However, while in Constantinople, he meets Ana (Charlotte Le Bon), an Armenian who was raised in Paris, and they develop feelings for each other, although she is in a relationship with American Associated Press reporter Chris (Christian Bale).
Their burgeoning relationship is sidelined when Armenians are rounded up and either detained, killed or 'relocated'.
Mikael is captured, but manages to escape from his labour camp and return to his home village, where he becomes torn between his duty to his promised wife and Ana.
The film is ambitious and aims to be a sweeping romantic epic, with the three players in the love triangle reunited, separated, then reunited again in a multitude of locations. This slows the pacing of the movie and makes it feel much longer than it is.
The love story is supposed to help viewers feel more emotionally connected to the horrific events but it is actually distracting.
The romance between Mikael and Ana never feels entirely convincing and it’s hard for the viewer to care whether they ended up together or not.
Isaac’s performance is rather melodramatic, overplaying the emotion, while Le Bon is charming and the heart of the film.
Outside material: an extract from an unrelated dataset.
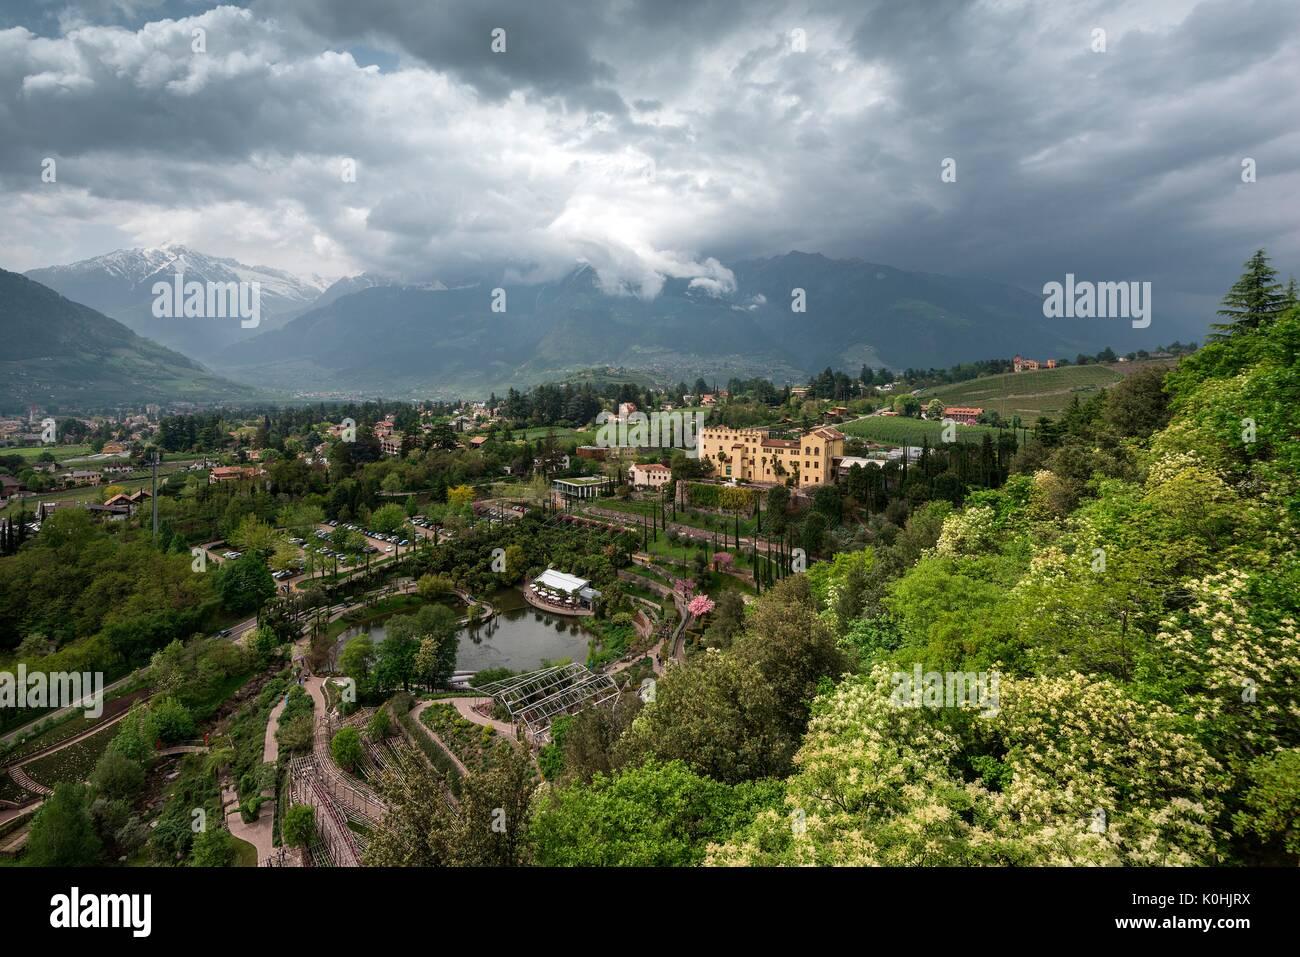 Merano, Alto Adige, Italia. L\'acqua e giardini terrazzati nei ...

Bale puts in the most convincing and subtly powerful performance as the jilted party who is also being persecuted for reporting the crimes.
It’s a shame so much of the film's focus is on the love triangle, because the treatment of Armenians as a whole was far more important, hard-hitting and fascinating from a historical perspective.
Towards the end, viewers get more of a picture of the scale of the genocide and how many people it affected, especially when Ana tries to help orphaned children flee the country, but the romance had taken up so much time and concentration by that point that these scenes did not pack the emotional punch they deserved.